** Data for review follows **
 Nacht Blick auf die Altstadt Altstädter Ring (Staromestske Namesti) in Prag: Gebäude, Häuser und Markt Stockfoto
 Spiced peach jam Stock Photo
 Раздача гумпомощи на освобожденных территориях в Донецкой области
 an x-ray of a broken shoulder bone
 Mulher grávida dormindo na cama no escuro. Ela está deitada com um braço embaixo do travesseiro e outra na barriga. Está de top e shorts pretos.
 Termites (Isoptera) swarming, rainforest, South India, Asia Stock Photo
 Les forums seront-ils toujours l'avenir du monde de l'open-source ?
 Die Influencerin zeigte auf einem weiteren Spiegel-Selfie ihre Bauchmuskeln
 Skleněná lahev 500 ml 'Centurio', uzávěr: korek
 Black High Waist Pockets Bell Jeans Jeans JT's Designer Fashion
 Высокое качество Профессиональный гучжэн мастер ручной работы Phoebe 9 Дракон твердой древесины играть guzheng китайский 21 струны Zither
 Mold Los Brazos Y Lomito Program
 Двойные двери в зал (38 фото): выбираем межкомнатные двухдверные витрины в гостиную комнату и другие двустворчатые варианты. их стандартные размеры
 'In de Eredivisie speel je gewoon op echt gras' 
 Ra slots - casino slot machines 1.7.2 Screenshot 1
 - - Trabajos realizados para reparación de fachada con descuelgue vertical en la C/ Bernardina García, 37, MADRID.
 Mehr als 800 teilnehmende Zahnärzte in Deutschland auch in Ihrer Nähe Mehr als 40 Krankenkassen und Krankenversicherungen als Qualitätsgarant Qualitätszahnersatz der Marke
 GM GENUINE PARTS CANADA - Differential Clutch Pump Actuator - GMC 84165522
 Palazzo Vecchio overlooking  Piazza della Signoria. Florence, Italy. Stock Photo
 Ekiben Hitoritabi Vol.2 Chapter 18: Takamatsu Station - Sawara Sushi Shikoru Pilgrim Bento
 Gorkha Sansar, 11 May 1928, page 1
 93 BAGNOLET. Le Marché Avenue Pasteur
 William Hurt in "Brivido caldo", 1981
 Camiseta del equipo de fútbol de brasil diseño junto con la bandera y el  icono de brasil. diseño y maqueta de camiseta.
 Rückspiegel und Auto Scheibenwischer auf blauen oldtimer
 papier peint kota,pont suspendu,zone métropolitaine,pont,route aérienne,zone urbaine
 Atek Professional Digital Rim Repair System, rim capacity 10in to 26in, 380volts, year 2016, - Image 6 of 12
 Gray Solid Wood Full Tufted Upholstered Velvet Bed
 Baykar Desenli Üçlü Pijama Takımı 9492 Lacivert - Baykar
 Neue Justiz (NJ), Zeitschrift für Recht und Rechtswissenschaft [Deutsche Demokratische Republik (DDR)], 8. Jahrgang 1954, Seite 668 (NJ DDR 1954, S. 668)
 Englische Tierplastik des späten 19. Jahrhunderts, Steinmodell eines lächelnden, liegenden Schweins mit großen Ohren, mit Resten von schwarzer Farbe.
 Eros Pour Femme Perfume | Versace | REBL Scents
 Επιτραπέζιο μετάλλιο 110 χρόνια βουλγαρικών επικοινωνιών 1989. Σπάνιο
** End of Data for review **
**Exercise brief**:
Every word in the records must appear in your copy exactly as it does above.

**Task result**:
 Nacht Blick auf die Altstadt Altstädter Ring (Staromestske Namesti) in Prag: Gebäude, Häuser und Markt Stockfoto
 Spiced peach jam Stock Photo
 Раздача гумпомощи на освобожденных территориях в Донецкой области
 an x-ray of a broken shoulder bone
 Mulher grávida dormindo na cama no escuro. Ela está deitada com um braço embaixo do travesseiro e outra na barriga. Está de top e shorts pretos.
 Termites (Isoptera) swarming, rainforest, South India, Asia Stock Photo
 Les forums seront-ils toujours l'avenir du monde de l'open-source ?
 Die Influencerin zeigte auf einem weiteren Spiegel-Selfie ihre Bauchmuskeln
 Skleněná lahev 500 ml 'Centurio', uzávěr: korek
 Black High Waist Pockets Bell Jeans Jeans JT's Designer Fashion
 Высокое качество Профессиональный гучжэн мастер ручной работы Phoebe 9 Дракон твердой древесины играть guzheng китайский 21 струны Zither
 Mold Los Brazos Y Lomito Program
 Двойные двери в зал (38 фото): выбираем межкомнатные двухдверные витрины в гостиную комнату и другие двустворчатые варианты. их стандартные размеры
 'In de Eredivisie speel je gewoon op echt gras' 
 Ra slots - casino slot machines 1.7.2 Screenshot 1
 - - Trabajos realizados para reparación de fachada con descuelgue vertical en la C/ Bernardina García, 37, MADRID.
 Mehr als 800 teilnehmende Zahnärzte in Deutschland auch in Ihrer Nähe Mehr als 40 Krankenkassen und Krankenversicherungen als Qualitätsgarant Qualitätszahnersatz der Marke
 GM GENUINE PARTS CANADA - Differential Clutch Pump Actuator - GMC 84165522
 Palazzo Vecchio overlooking  Piazza della Signoria. Florence, Italy. Stock Photo
 Ekiben Hitoritabi Vol.2 Chapter 18: Takamatsu Station - Sawara Sushi Shikoru Pilgrim Bento
 Gorkha Sansar, 11 May 1928, page 1
 93 BAGNOLET. Le Marché Avenue Pasteur
 William Hurt in "Brivido caldo", 1981
 Camiseta del equipo de fútbol de brasil diseño junto con la bandera y el  icono de brasil. diseño y maqueta de camiseta.
 Rückspiegel und Auto Scheibenwischer auf blauen oldtimer
 papier peint kota,pont suspendu,zone métropolitaine,pont,route aérienne,zone urbaine
 Atek Professional Digital Rim Repair System, rim capacity 10in to 26in, 380volts, year 2016, - Image 6 of 12
 Gray Solid Wood Full Tufted Upholstered Velvet Bed
 Baykar Desenli Üçlü Pijama Takımı 9492 Lacivert - Baykar
 Neue Justiz (NJ), Zeitschrift für Recht und Rechtswissenschaft [Deutsche Demokratische Republik (DDR)], 8. Jahrgang 1954, Seite 668 (NJ DDR 1954, S. 668)
 Englische Tierplastik des späten 19. Jahrhunderts, Steinmodell eines lächelnden, liegenden Schweins mit großen Ohren, mit Resten von schwarzer Farbe.
 Eros Pour Femme Perfume | Versace | REBL Scents
 Επιτραπέζιο μετάλλιο 110 χρόνια βουλγαρικών επικοινωνιών 1989. Σπάνιο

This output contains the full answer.